We found substandard care in which improvements would have made a difference to the outcome in 13 (87%) of early and two (67%) of the three late maternal deaths from direct obstetric causes. The findings are in line with UK confidential enquiries to maternal deaths and studies from Netherlands which identified that improvements in care would have made a difference to outcomes for over 90% of women who died.30,31
Sepsis or septic shock was the most common underlying direct cause of maternal deaths in Georgia in 2012. Substandard care wherein improvements could have made a difference to the outcome was found across all sepsis cases. Delay in recognition and diagnosis of sepsis was responsible for majority of maternal deaths from sepsis documented by our study. This agrees with findings from other countries.32 Achieving a low sepsis-associated mortality is based on rapid triage using a risk-scoring system and early therapy, including appropriate antibiotic treatment within one hour of a suspected diagnosis.33,34 As such, obstetricians should maintain a higher level of alert and provide information to pregnant and postpartum women on the importance of seeking timely medical care.
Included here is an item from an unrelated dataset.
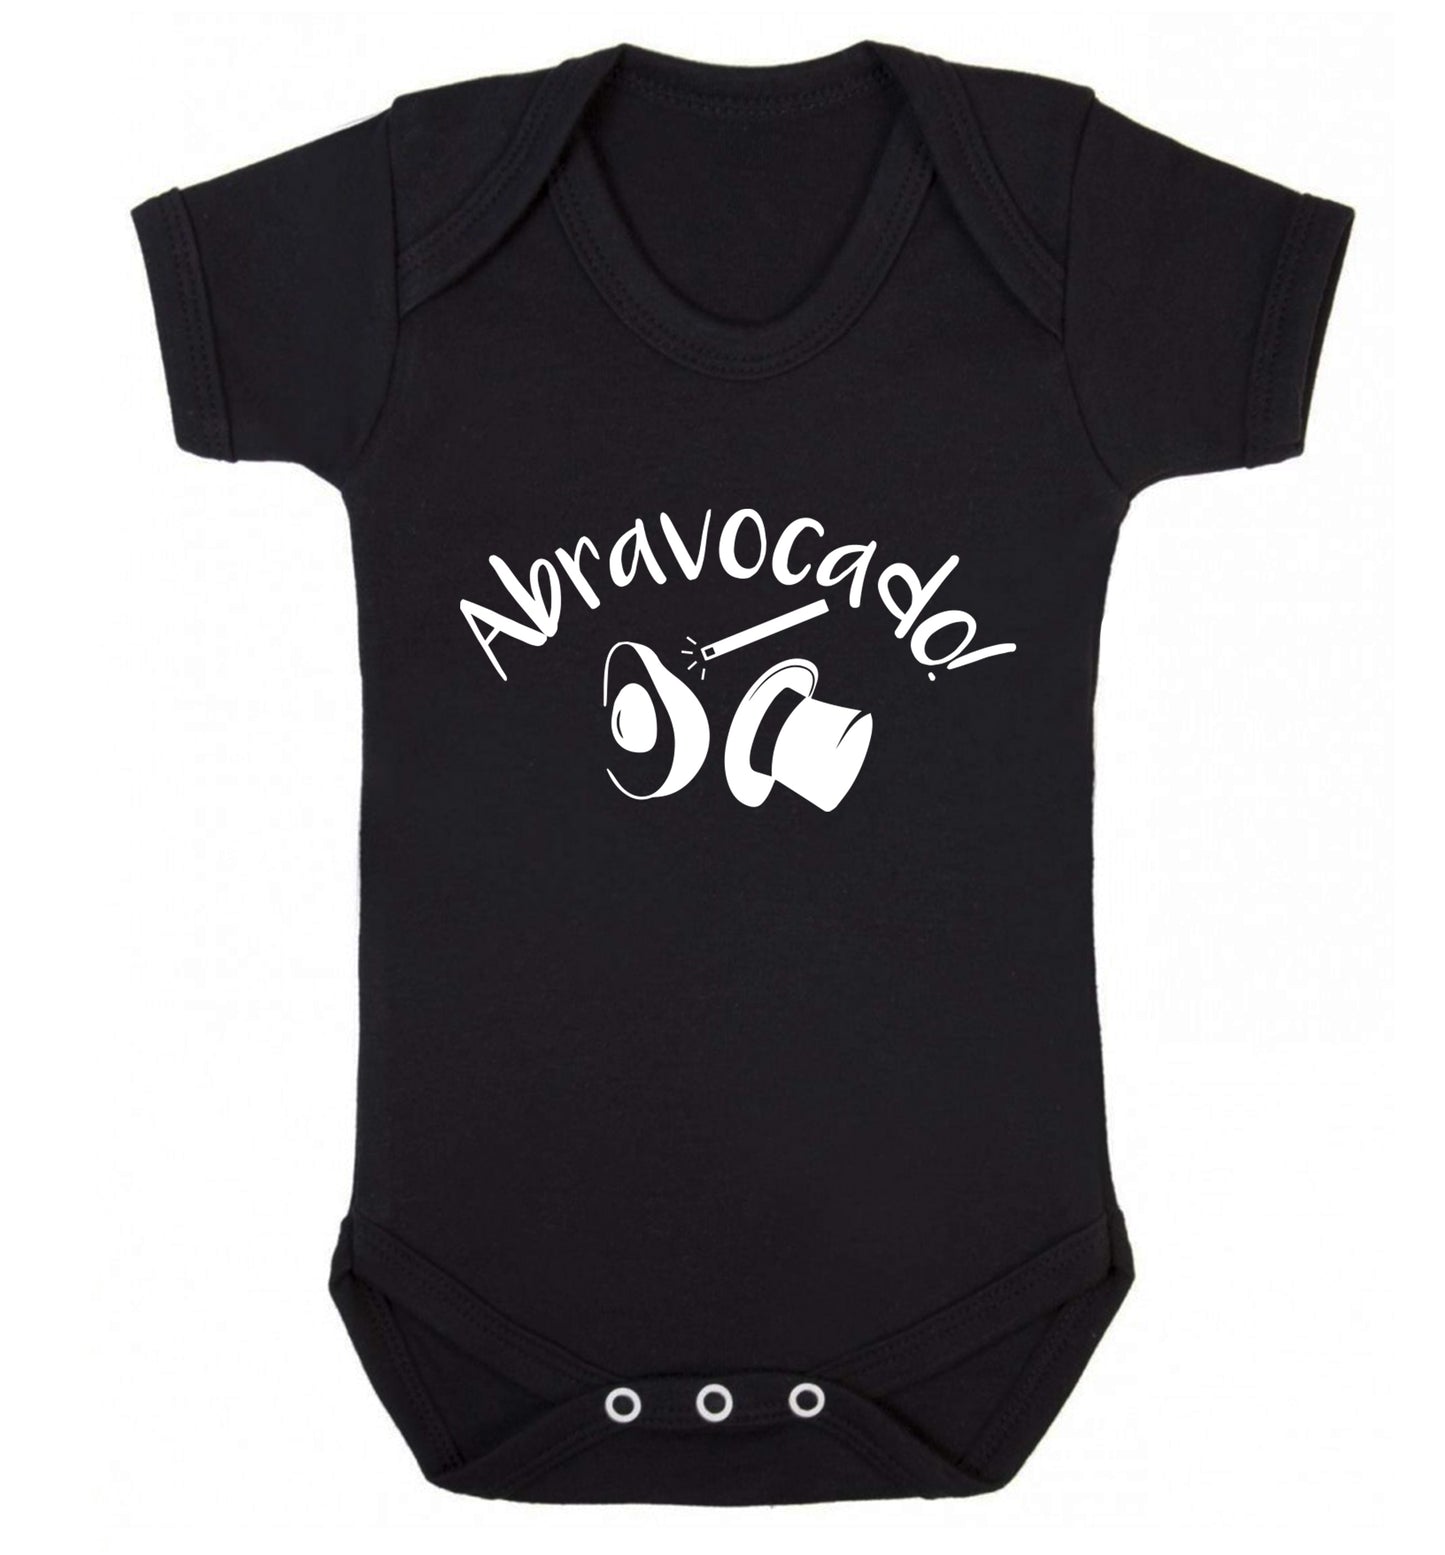 Abravocado Baby Vest black 18-24 months

Moreover, the best care for sepsis is multidisciplinary; that is, where different specialists are involved in case management at early stage of case identification.17 A multidisciplinary approach should become a standard of care for Georgia as well, in addition to wide-scale adherence to basic principles of patient care; namely, regular measuring, monitoring and recording of full spectrum of vital parameters, and strict infection control. In line with some other studies,35,36 we found more maternal sepsis among younger women and in women delivered by caesarean section. Post-operative infection was the source of sepsis in our study, while respiratory infections were dominant sepsis cases in the maternal health studies from the high-income countries.3
Inadequate antibacterial prevention and/or timely treatment was the main element of substandard care we found by our study. Routine antibiotic use prior to the initiation of or during caesarean section is recommended for women undergoing caesarean section.20 No antibiotic prophylaxis was provided in either of the three women who delivered via caesarean section and who died from sepsis or septic shock. The medical records review of these women does not provide evidence of clinical signs of sepsis prior to the surgery. Our data point to the fact that sepsis represents a major threat to maternal health in Georgia, and that there is frequently late recognition then suboptimal care. Thus, improvements in this area are urgent.
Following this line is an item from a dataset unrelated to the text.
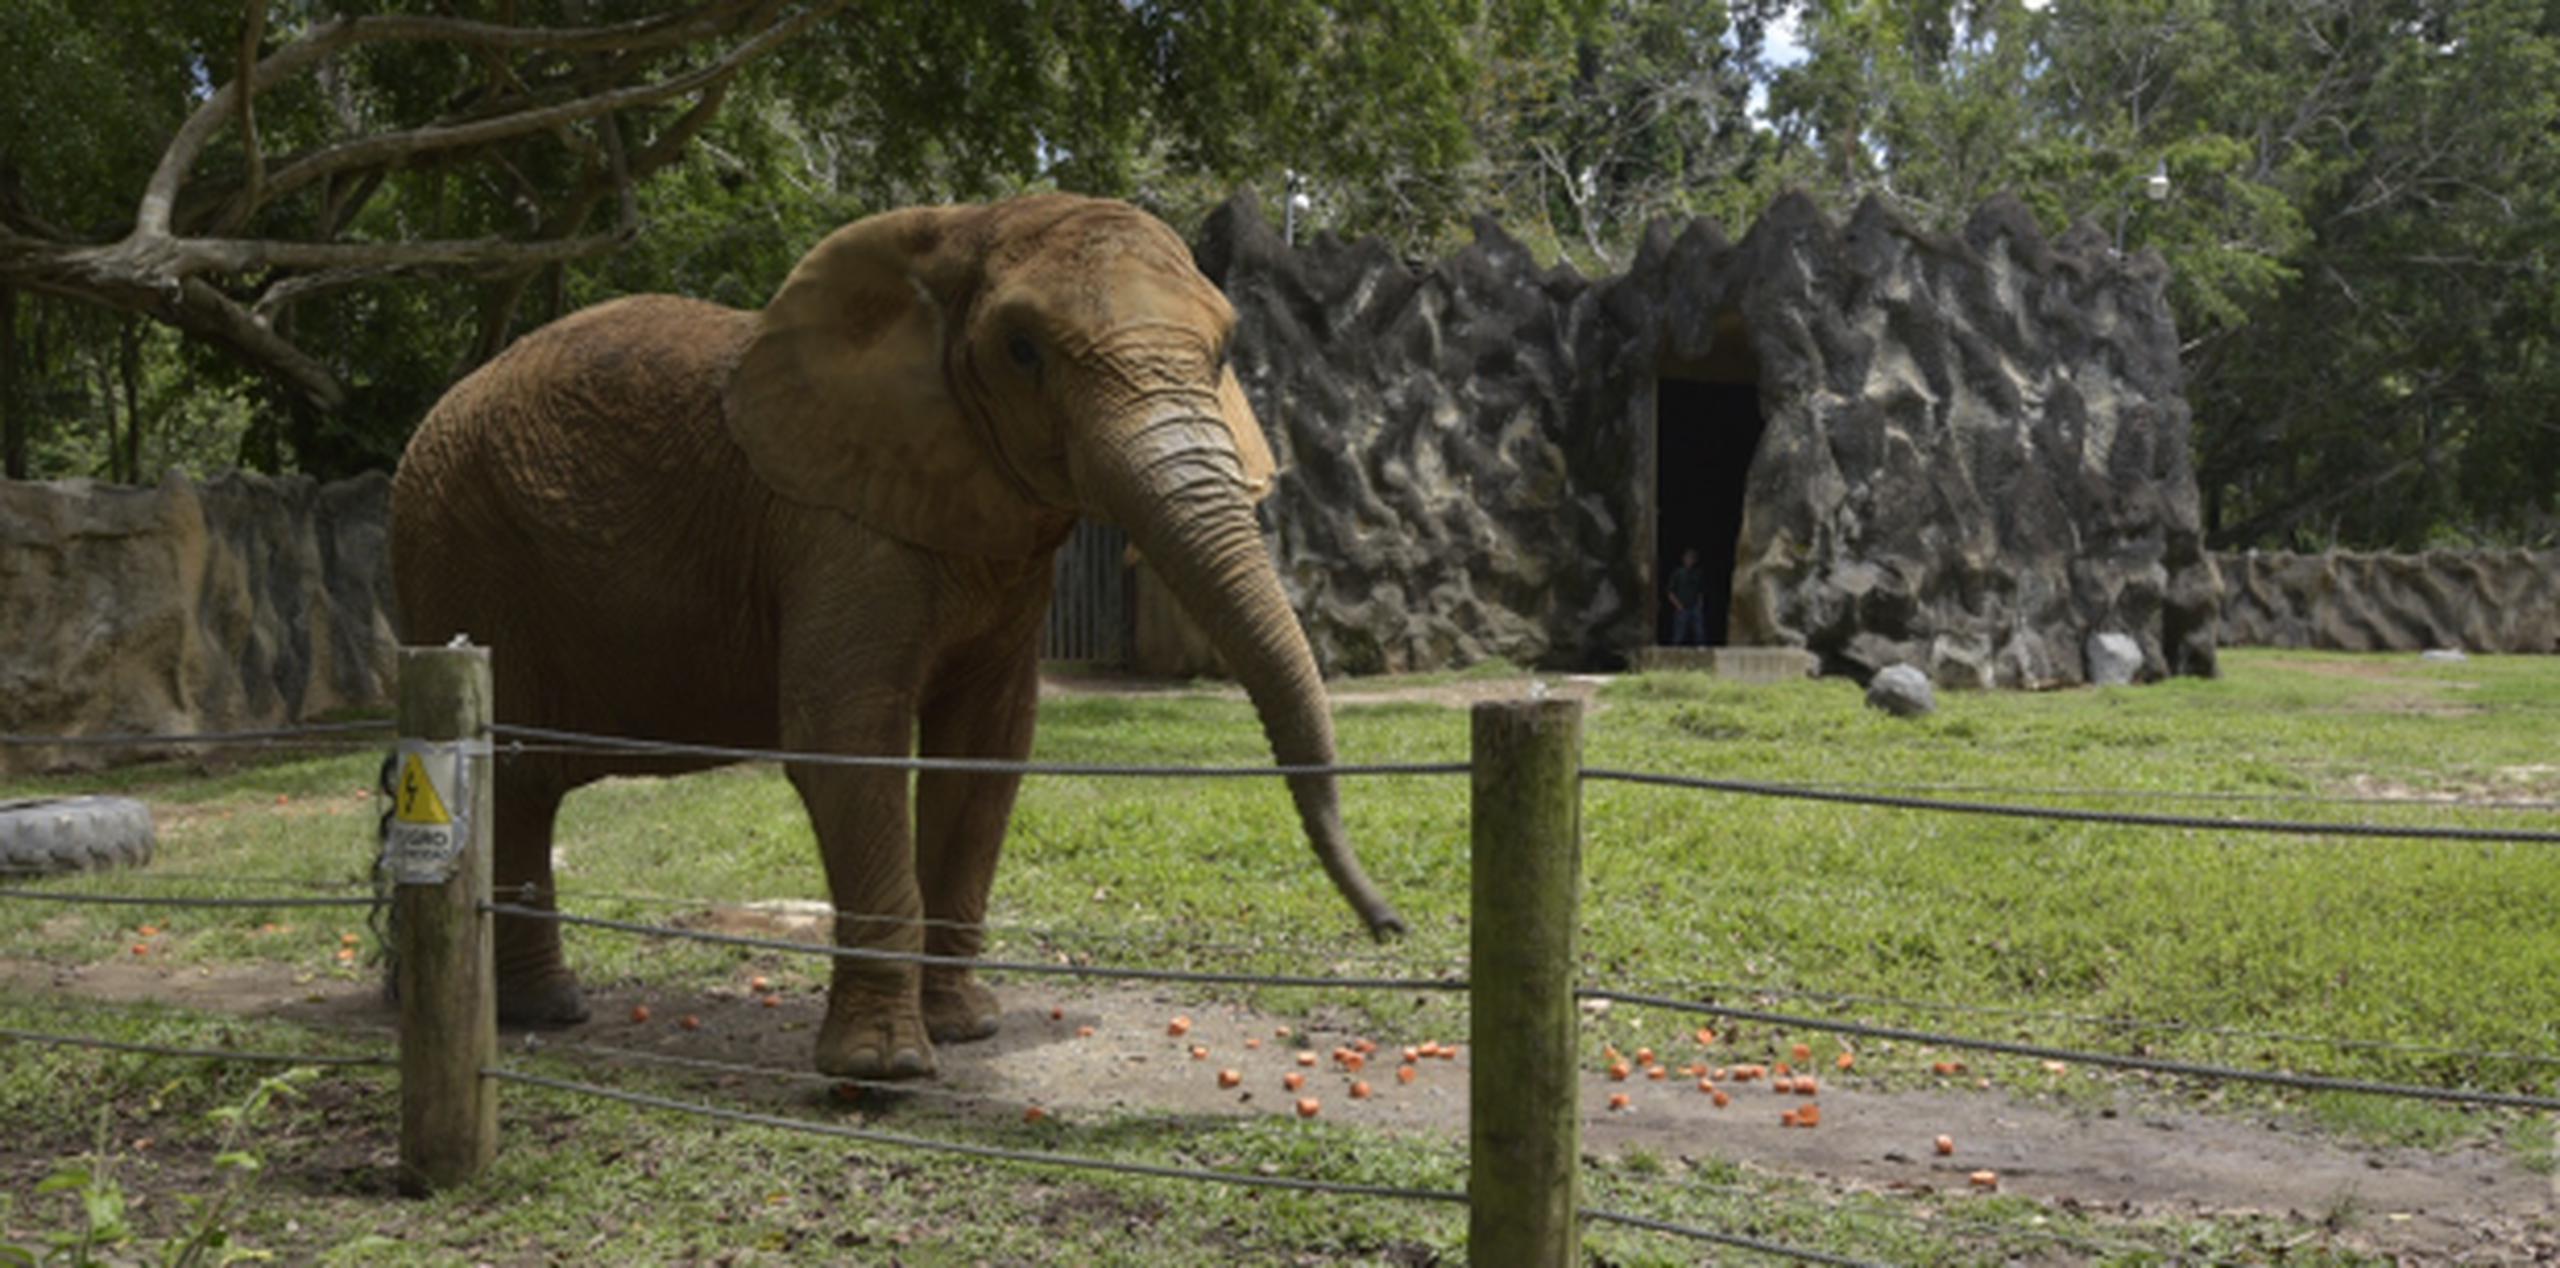 La elefanta Mundi ya tiene 36 años. (Suministrada)

Whilst the number of women who died from pregnancy induced hypertension was low in our study, substandard care was evident for these women. Important opportunities are present to further improve care, prevent deaths and reduce morbidity from pregnancy induced hypertension. Identifying women with risk factors21 is important for early recognition as well as proper antenatal care, referral, and appropriate management. In our study, risk factors were present in both cases of preeclampsia. However, no increased schedule of antenatal care for these women with pre-existing hypertension was provided, and no visits were scheduled between 28 and 33 weeks of gestation. This is too long a time period without medical contact for the high-risk women.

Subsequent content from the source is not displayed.